2. The scan control method of an additive manufacturing apparatus according to claim 1, wherein the scan control method of the scan module further comprises:

when the optical system with a fault at a certain moment is one, judging the rest non-scanning area and scanning abnormal area in the scanning area allocated by the current column which is being scanned by the optical system, and recording the rest non-scanning area and the scanning abnormal area as abnormal areas;

when the optical system with faults at a certain moment is two or more, judging the sum of the remaining non-scanning area and the scanning abnormal area in the scanning area allocated by the current column which is being scanned by the two or more optical systems respectively, and recording the sum as the abnormal area;

when the area of the abnormal area is smaller than or equal to the preset area, controlling an optical system in a normal state of the scanning area of the current column which is distributed firstly in the scanning module to scan the abnormal area; when the area of the abnormal region is larger than the preset area, controlling all the optical systems in the normal state in the scanning module to scan the abnormal region after finishing scanning the scanning region correspondingly allocated to the current column of the optical systems in the normal state, wherein the time difference of the optical systems in any two normal states to the scanning region allocated to the abnormal region is smaller than or equal to the first preset time.

3. The scan control method of an additive manufacturing apparatus according to claim 2, wherein the preset area is one-fourth of a total area of the abnormal region.

4. A scanning control method of an additive manufacturing apparatus according to claim 3, wherein the at least one normal-state optical system is required to scan a scanning area of a current column before the at least one normal-state optical system scans the abnormal area.

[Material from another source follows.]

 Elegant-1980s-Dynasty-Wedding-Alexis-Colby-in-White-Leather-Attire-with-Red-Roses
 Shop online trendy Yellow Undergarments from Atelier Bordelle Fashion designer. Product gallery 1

5. The scan control method of an additive manufacturing apparatus according to claim 4, wherein the scan control method of the scan module further comprises:

and for all columns of the unit area, which are behind the current column of the abnormal area, controlling all optical systems in the normal state in the scanning module to carry out scanning area distribution on each column containing the cross section outline, wherein the time difference of the scanning areas distributed by any two optical systems in each column is smaller than or equal to a first preset time, and the scanning time of the scanning areas distributed by each optical system is smaller than or equal to a second preset time.

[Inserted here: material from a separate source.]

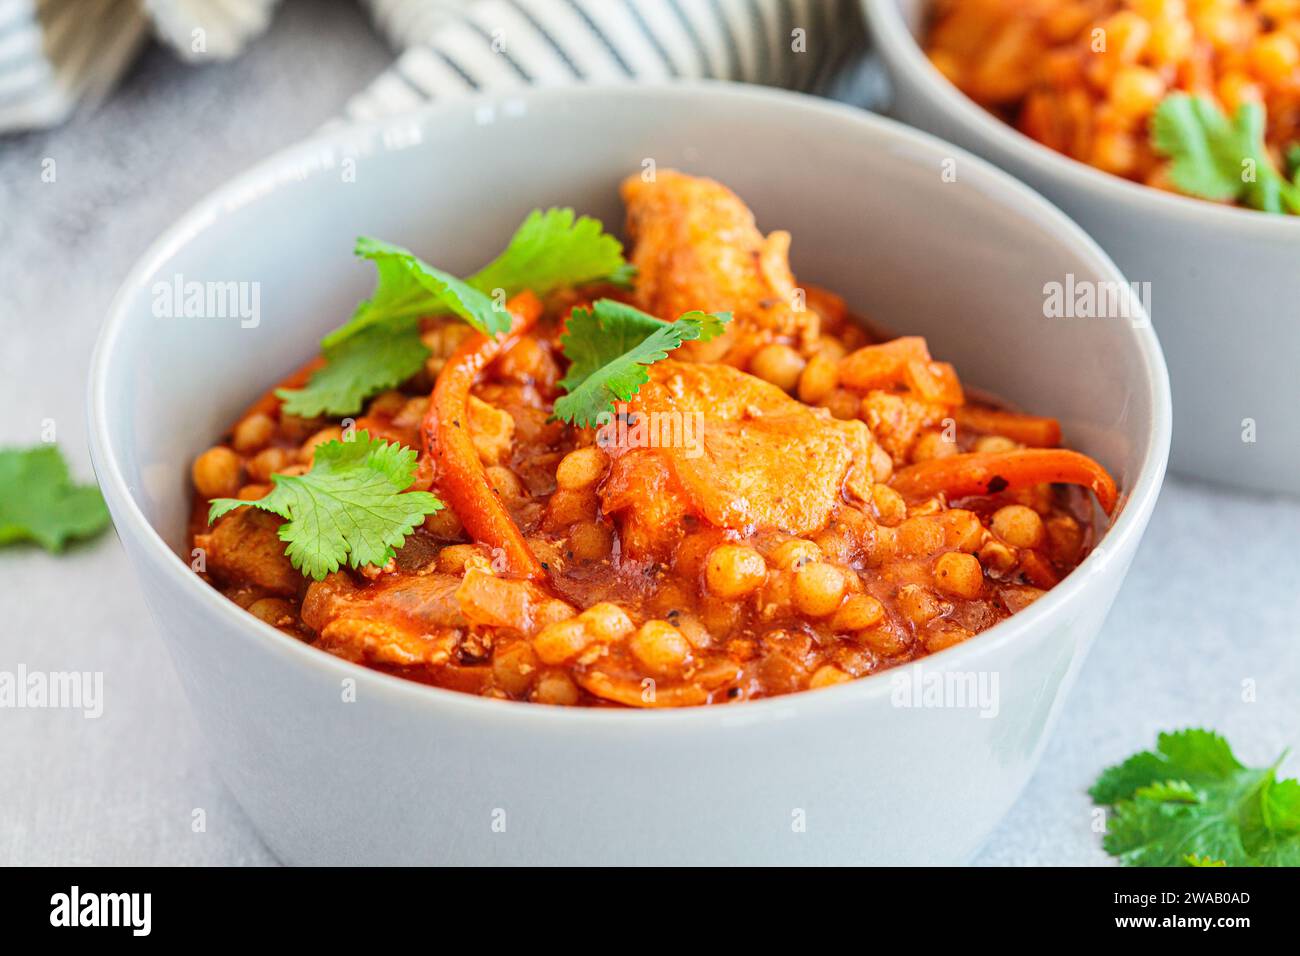 Ptitim stew with chicken and vegetables, close-up. Israeli traditional cuisine. Stock Photo

6. The scan control method of an additive manufacturing apparatus according to any one of claims 1 to 5, wherein before the scan module scans the cross-sectional profile of the current layer, the scan control method of the scan module further comprises:

judging whether all optical systems contained in the scanning module are normal or not;

when all the optical systems are in a normal state, controlling all the optical systems to scan the section outline of the current layer according to a preset scanning sequence;

when one or more optical systems are in fault, the scanning operation of the optical system in the fault state is stopped, and the optical system in the normal state in the scanning module is controlled to take over and continue scanning.

7. The method for controlling scanning of an additive manufacturing apparatus according to claim 6, wherein the additive manufacturing apparatus further comprises an image sensor for acquiring gray information of a region scanned by each optical system for the cross-sectional profile in real time and transmitting the gray information to the controller;

the controller is used for judging whether the optical system has faults or not according to the gray information of each optical system.

8. A scan control device of an additive manufacturing apparatus, comprising a memory and a processor, the memory storing a computer program, characterized in that the processor, when executing the computer program, implements the steps of the scan control method of an additive manufacturing apparatus of any one of claims 1 to 7.

9. An additive manufacturing apparatus comprising the scan control device of claim 8.